• _Stored data_:
[Start of Attachment]

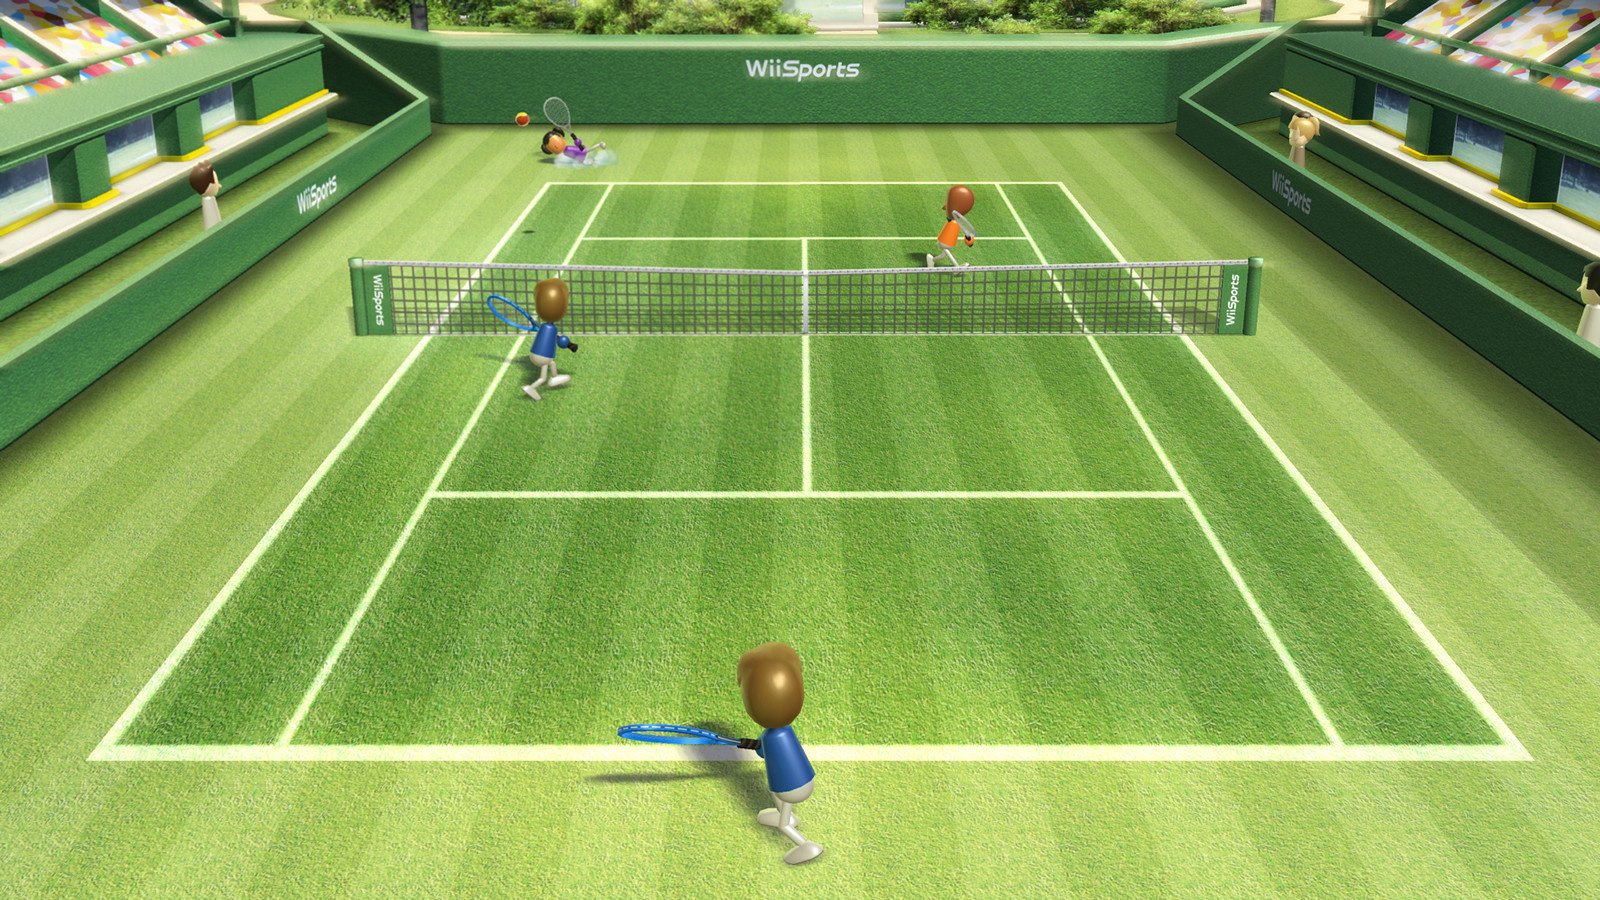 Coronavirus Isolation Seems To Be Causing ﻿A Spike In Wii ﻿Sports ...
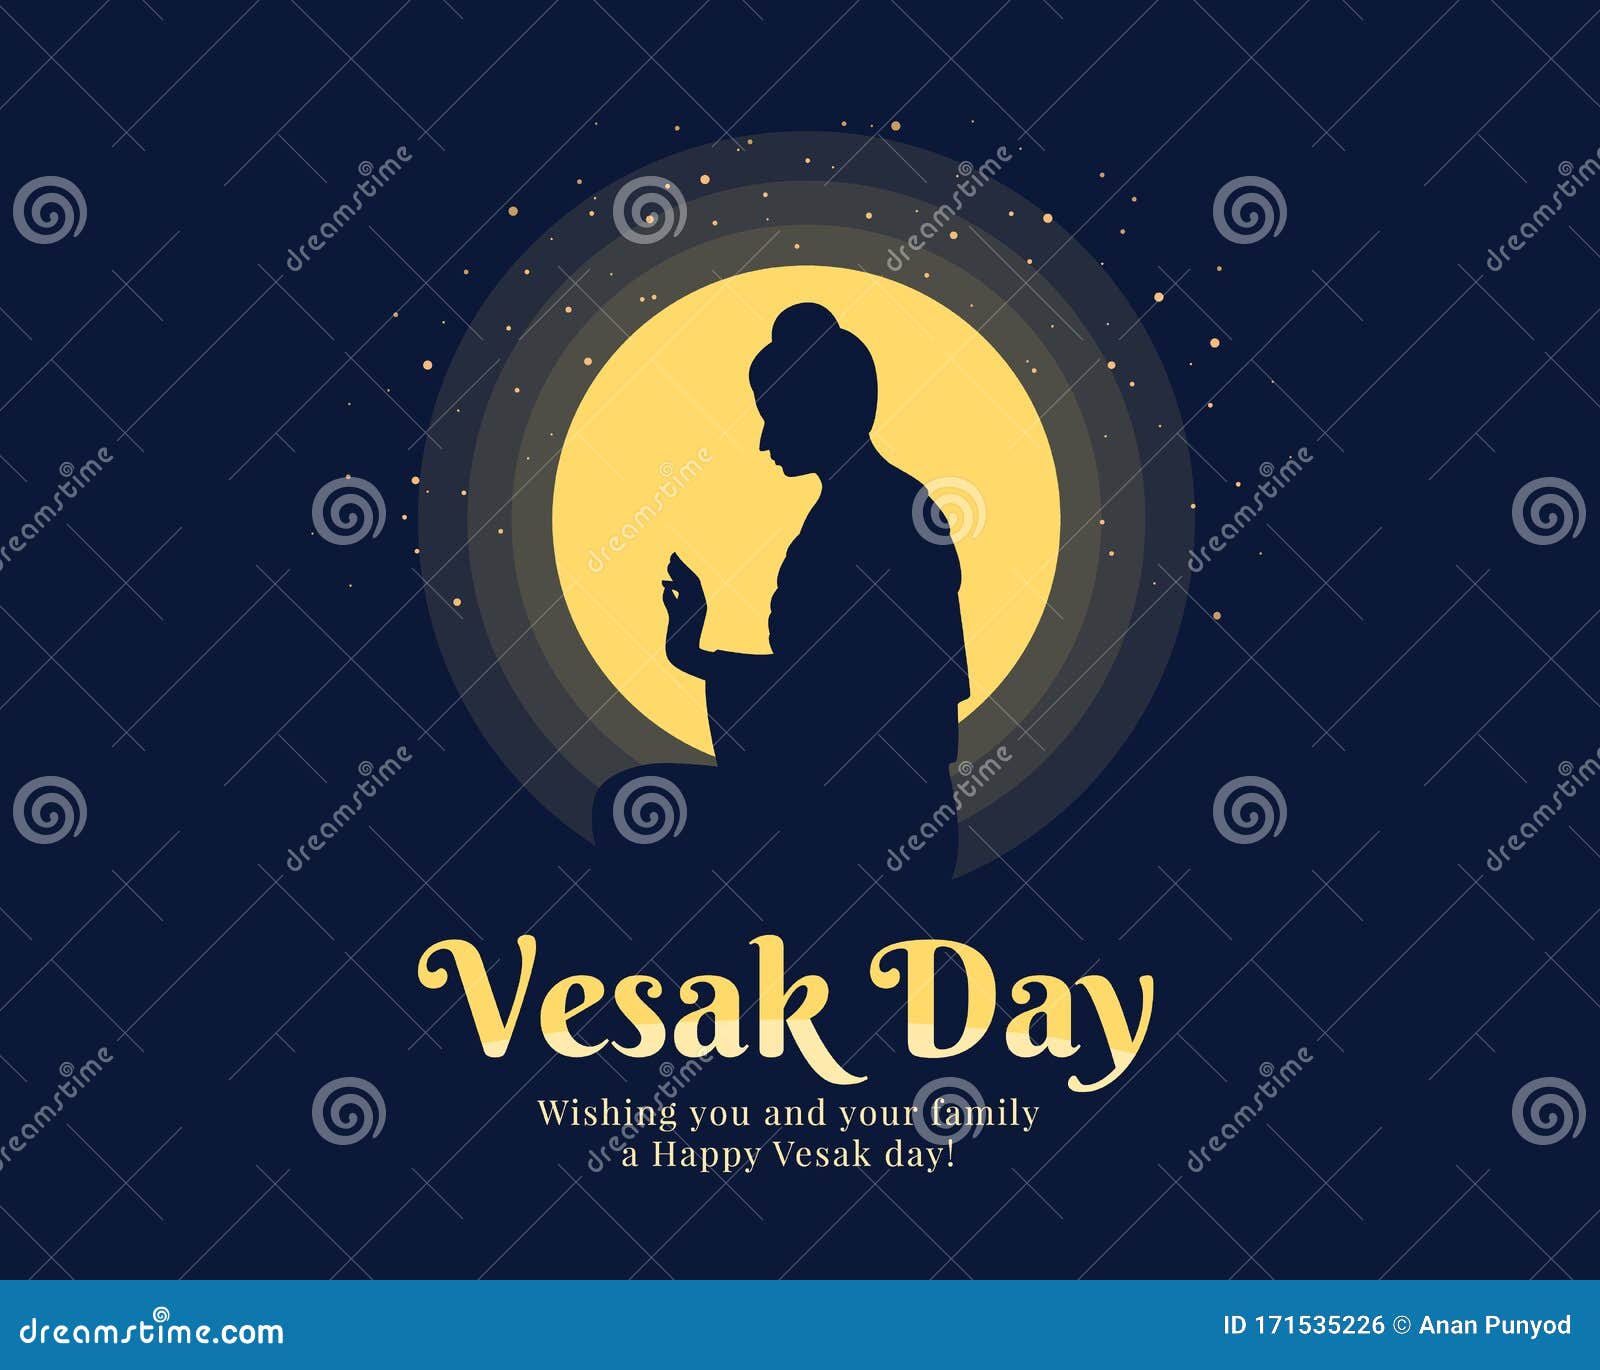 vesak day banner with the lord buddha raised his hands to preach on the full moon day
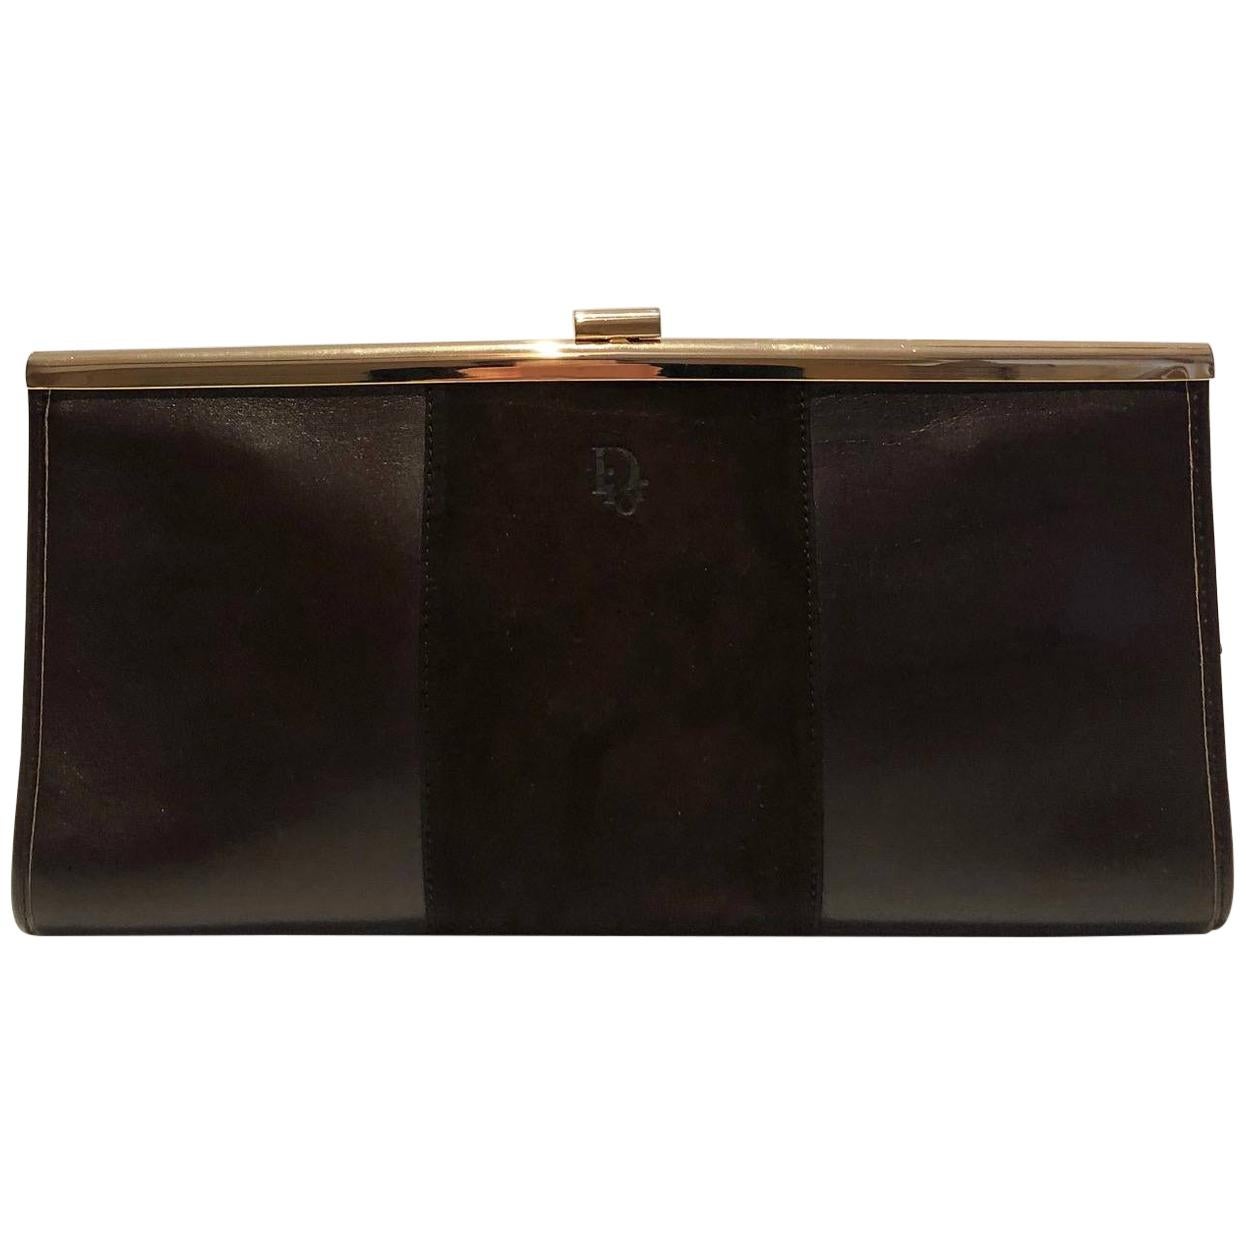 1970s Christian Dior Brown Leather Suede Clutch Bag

[End of Attachment]

Each line of the material above should be set down exactly, with no pictures.

 Coronavirus Isolation Seems To Be Causing ﻿A Spike In Wii ﻿Sports ...
 vesak day banner with the lord buddha raised his hands to preach on the full moon day
 1970s Christian Dior Brown Leather Suede Clutch Bag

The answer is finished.